4 Иосиф II (1741—1790) — император Священной Римской империи с 1780 г. — Аранда Педро-Пабло (1718—1799) — граф, испанский государственный деятель, сторонник идей французского ‘просвещения’, ведший борьбу с клерикализмом и способствовавший изгнанию иезуитов из Испании в 1764 г. — Флорида Бланка Хозе-Маньино (1728—1808) — испанский государственный деятель.
5 В обширной литературе об университетах, появившейся в 1861 г., нередко ставился вопрос о правах по службе, даваемых университетами, и о возможности полной отмены этих прав. Против такой отмены делались веские возражения. Так, например, Б. Н. Чичерин писал: ‘С уничтожением служебных преимуществ университетов вся выгода будет на стороне меньшего образования. У нас для восхождения по чиновной лестнице требуется долгое время, следовательно, чем раньше начинать, тем лучше. Неужели же студент будет опережен своими сверстниками за то, что он четыре года учился, вместо того чтоб 16-ти лет поступить на службу совершенным неучем? Уничтожение служебных преимуществ университетов, было бы ничем иным, как премией, данной невежеству’ (‘Московские ведомости’, 1861, No 234. ‘Что нужно для русских университетов?’).

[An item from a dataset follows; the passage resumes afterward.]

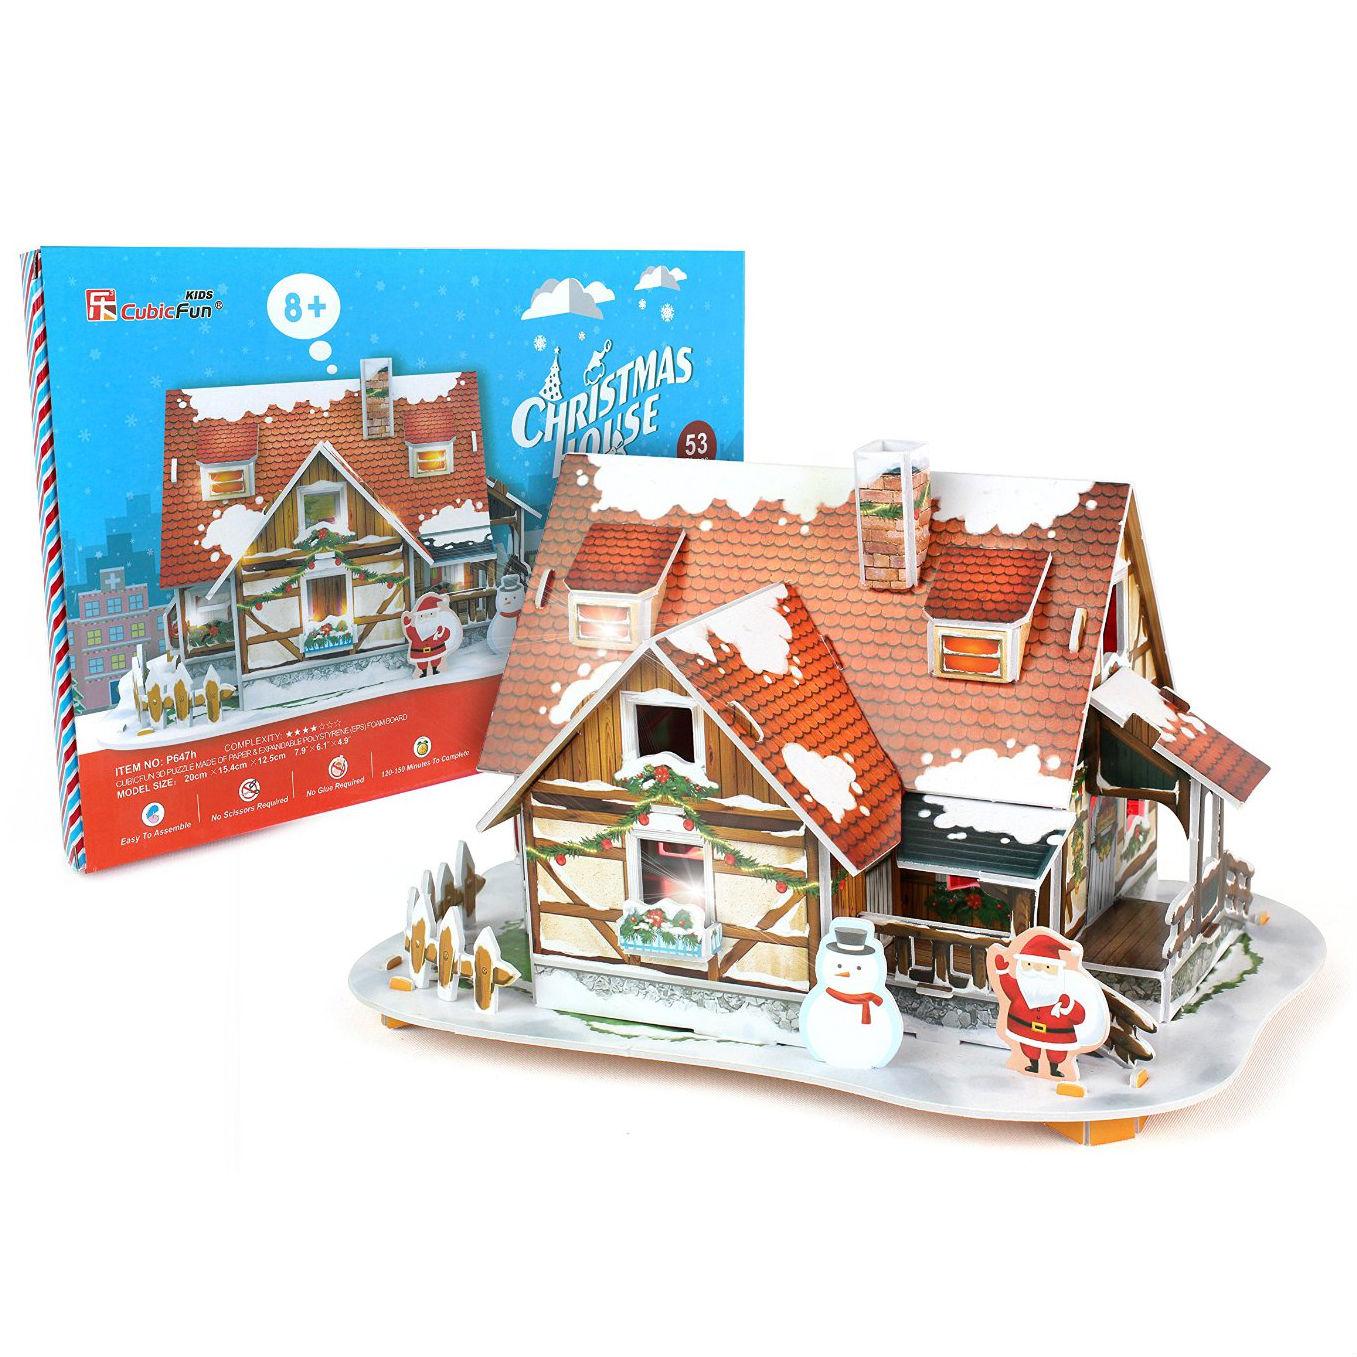 Купить 3D-пазл с подсветкой - Рождественский домик, 53 детали, Cubic Fun

6 Только по цензурным условиям Чернышевский ограничился тем, что привел это положение Толстого, не сделав против него никаких возражений.
7 Бойль — изобретатель парового плуга. — Фаулер — английский заводчик сельскохозяйственных машин.

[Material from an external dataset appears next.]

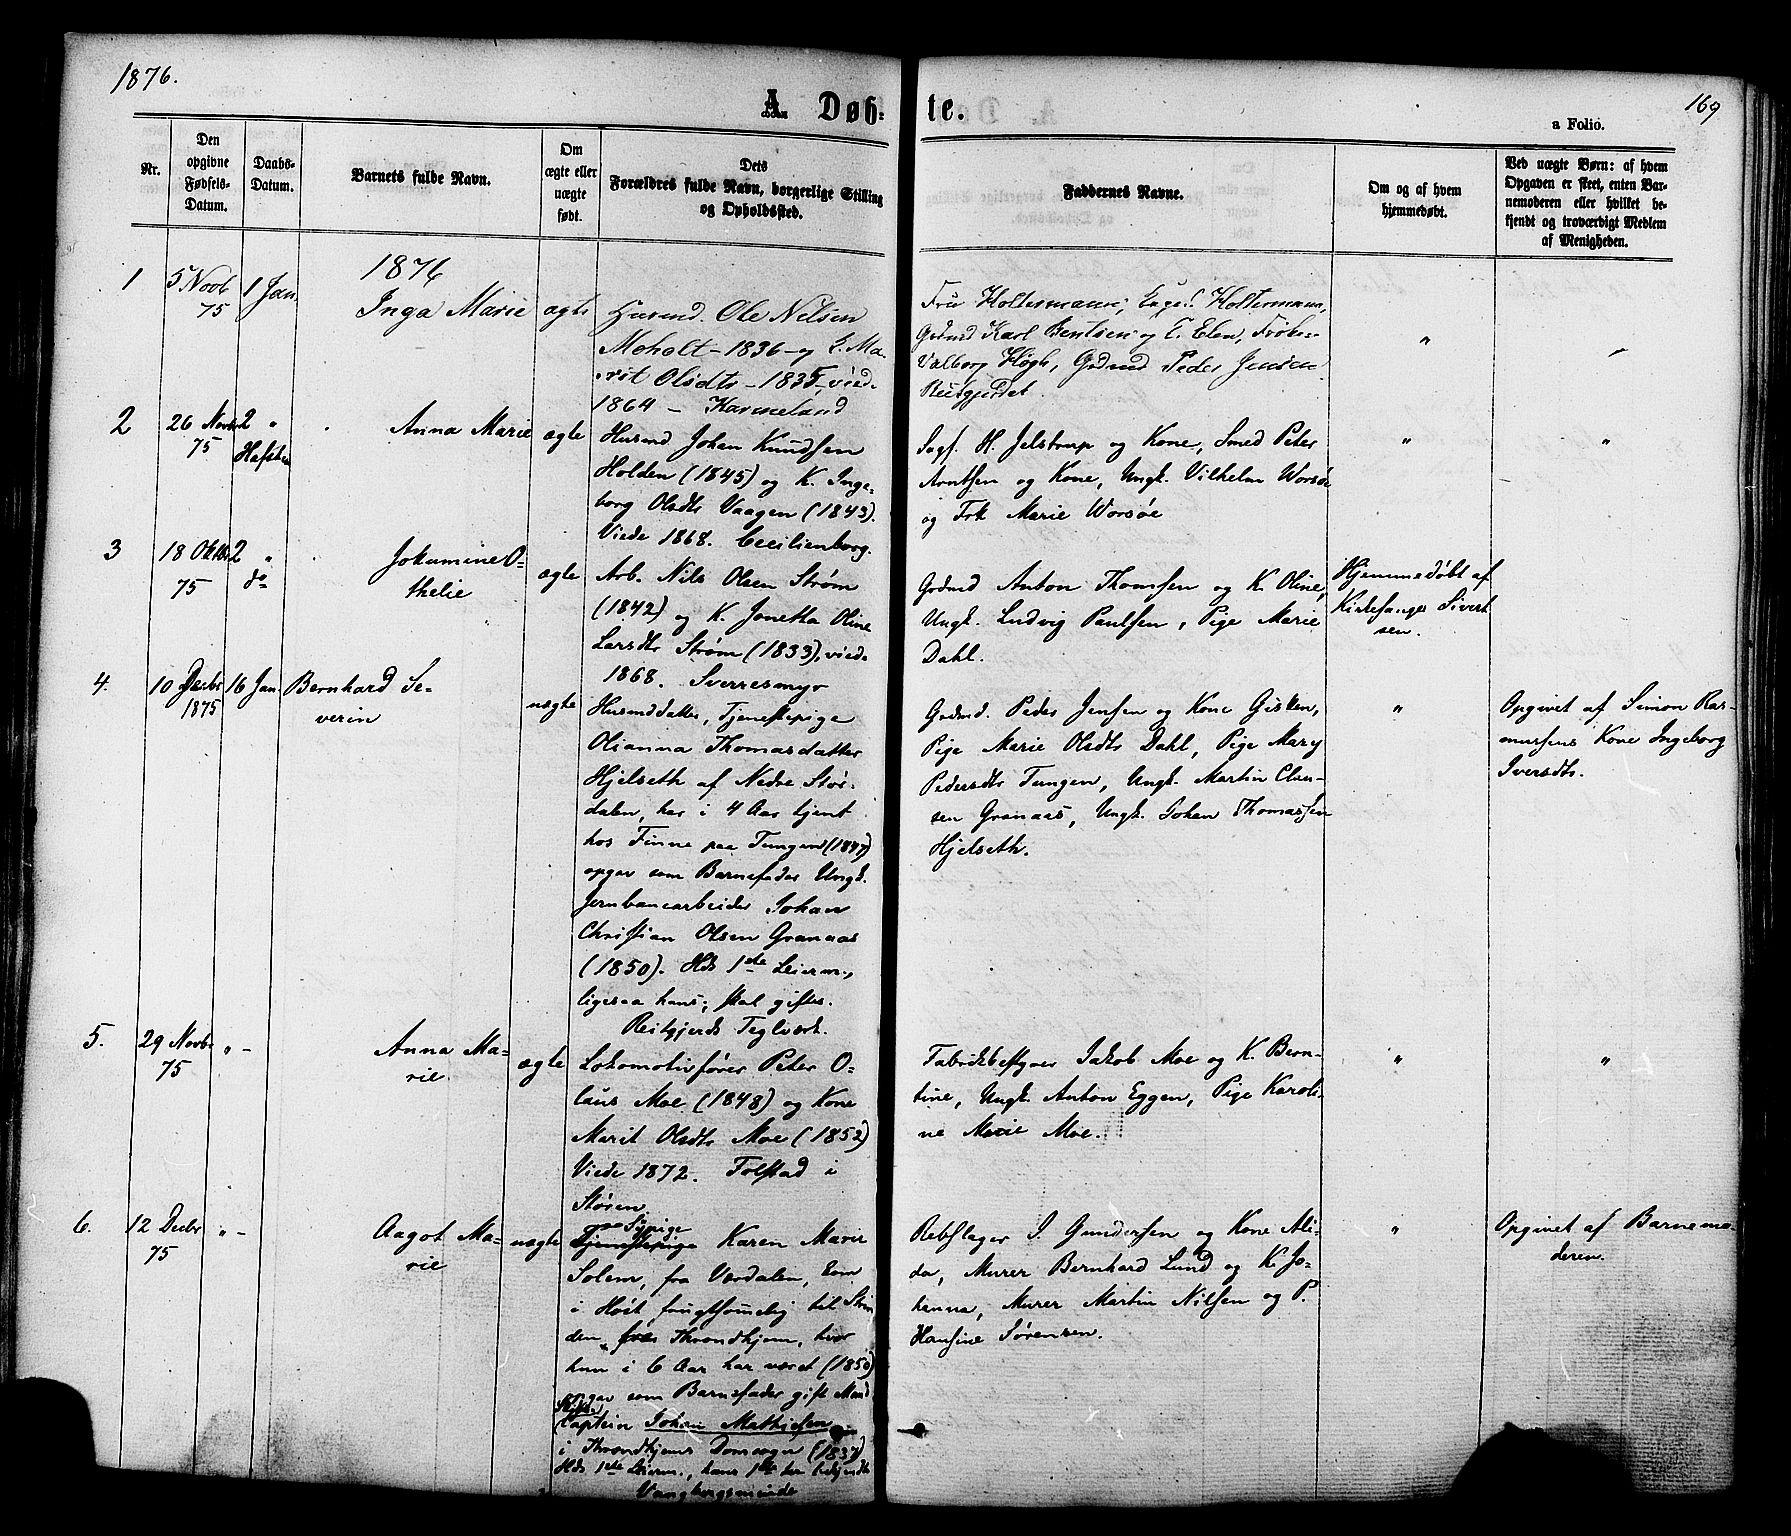 SAT, Ministerialprotokoller, klokkerbøker og fødselsregistre - Sør-Trøndelag, 606/L0293: Ministerialbok nr. 606A08, 1866-1877, s. 169

8 В статье Толстого ‘Яснополянская школа за ноябрь и декабрь месяцы’ имеется такое место: ‘Вообще взрослые, заученные прежде, еще не нашли себе места в яснополянской школе, и их ученье идет дурно: что-то есть неестественного и болезненного в отношении их в школе. Воскресные школы, которые я видел, представляют то же самое явление относительно взрослых, и потому все сведения об успешном и свободном образовании взрослых были бы для нас драгоценнейшим приобретением’ (Л. Н. Толстой, ПСС, т. 8).
9 Руссо Жан-Жак (1712—1779) — французский писатель. Его ‘Новая Элоиза’ (1761), ‘Эмиль’ (1762), ‘Исповедь’ имели большое влияние на педагогику конца XVIII и начала XIX в. — Песталоцци Иоганн-Генрих (1746—1827) — знаменитый педагог.

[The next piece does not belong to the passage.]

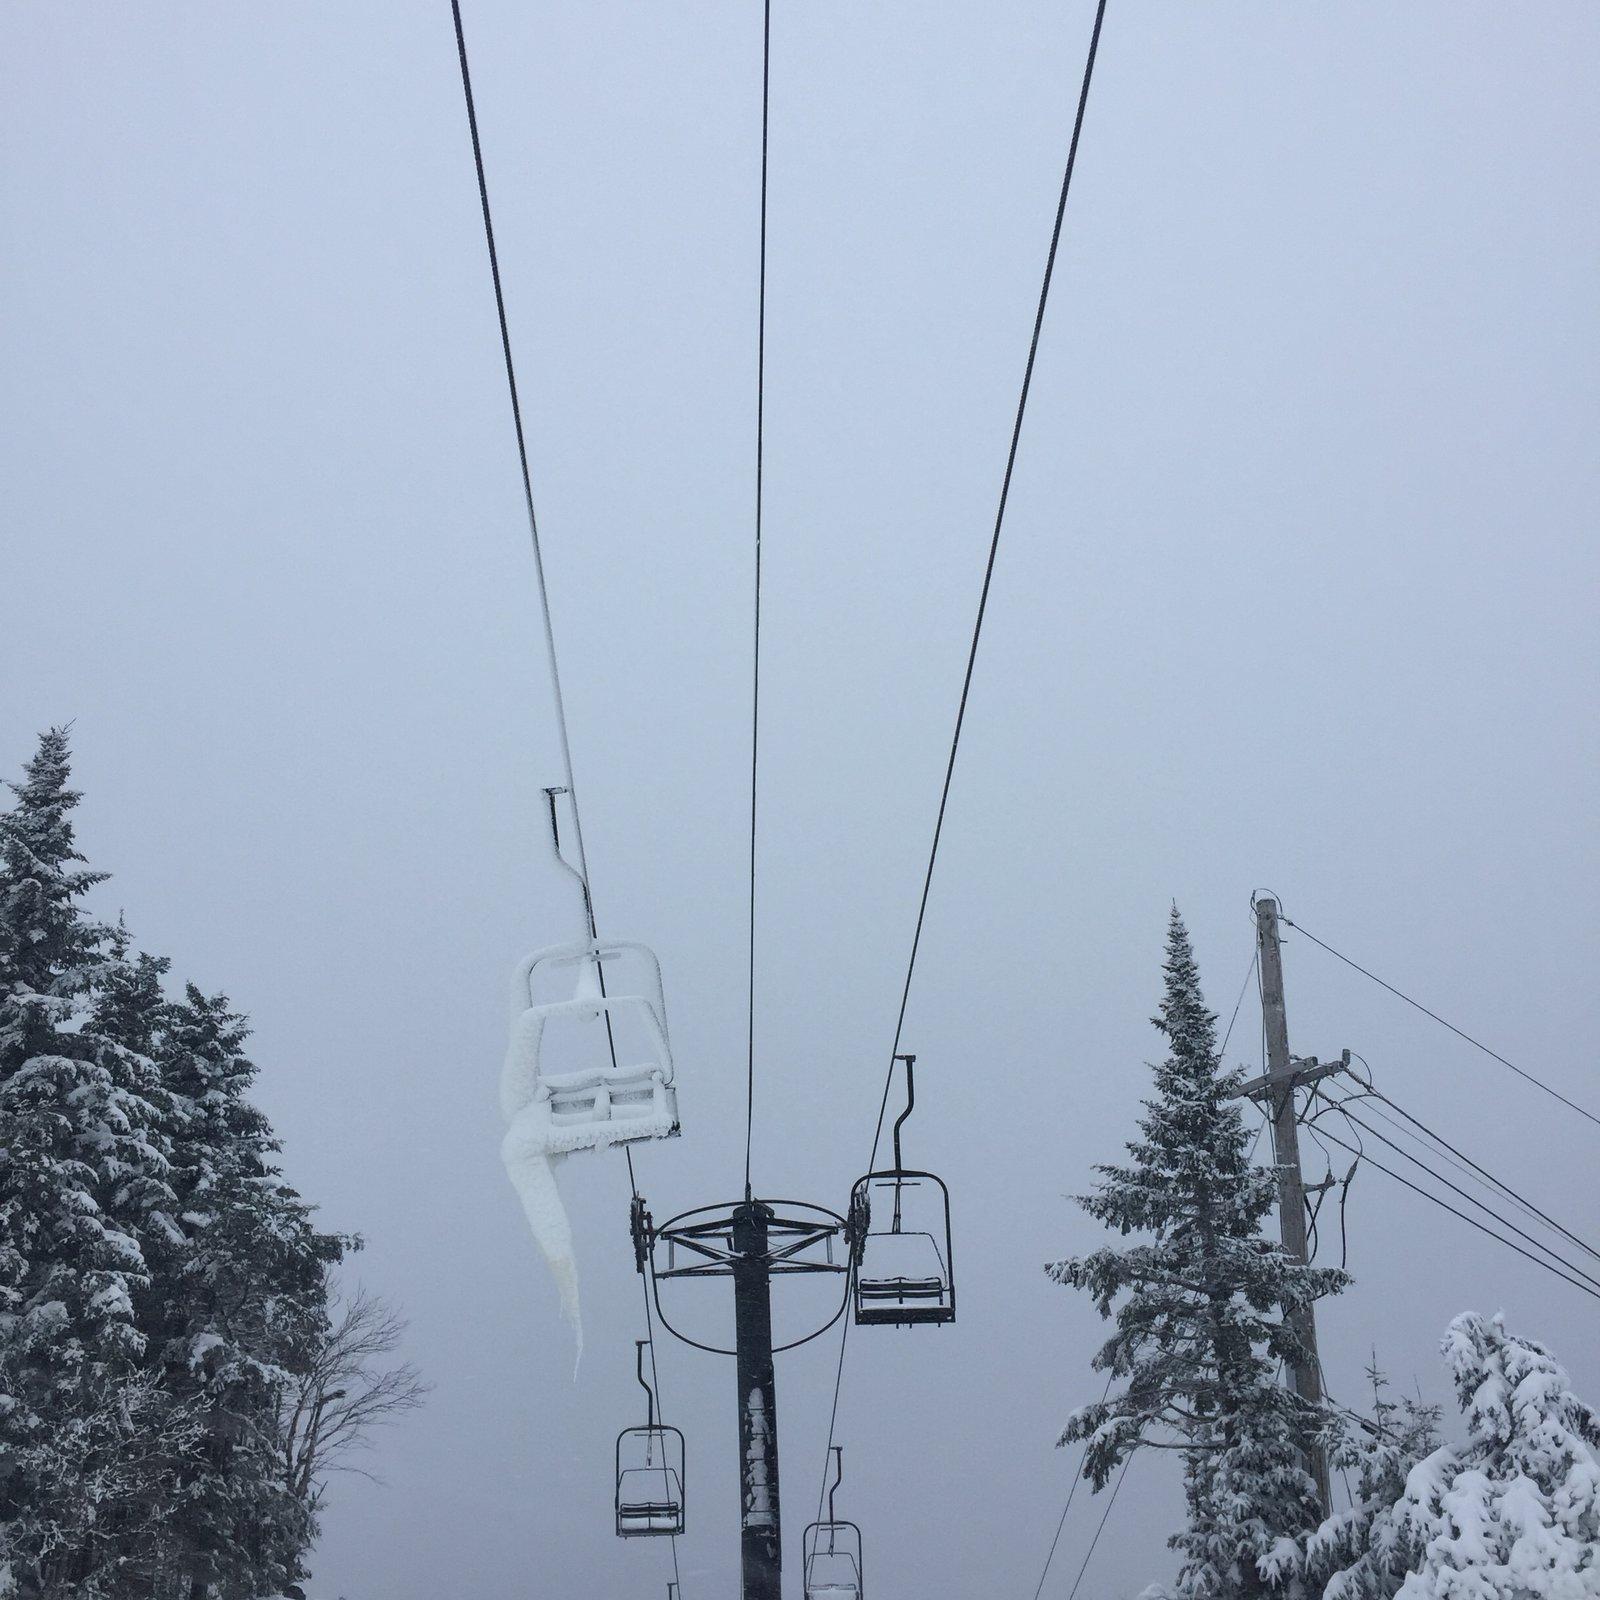 Big icicle i saw

10 По словам Толстого, рассказ ‘Матвей’ — ‘устная переделка учениками французской повести’ (‘Mourice ou le travail’). Упоминаемый дальше рассказ ‘Федор и Василий’ ‘произошел точно так же’, то есть из переделки учениками какого-то текста. В вводной статье Толстой рекомендует эти рассказы, как опыт.
11 Рассказ ‘Робинзон’ представляет пересказ романа Дефо, сделанный, по всей вероятности, студентом Александром Павловичем Сердобольским, преподавателем головеньковской школы.
12 О рецензии Чернышевского Толстой в наброске неоконченной статьи о критиках ‘Ясной Поляны’ писал, что не считает возможным отвечать на рецензию по существу.

ТЕКСТОЛОГИЧЕСКИЕ И БИБЛИОГРАФИЧЕСКИЕ КОММЕНТАРИИ

Впервые напечатано в ‘Современнике’ 1862 г., кн. III, отдел ‘Современное обозрение. Новые книги’, стр. 122—138, без подписи автора. Перепечатано в полном собрании сочинений 1906 г., т. IX, стр. 114—127. Корректура: 2 листа (формы) 20 строк, адресована Чернышевскому, без пометок. Корректура хранится в ЦГЛА (No 251). Печатается по тексту ‘Современника’, сверенному с корректурой.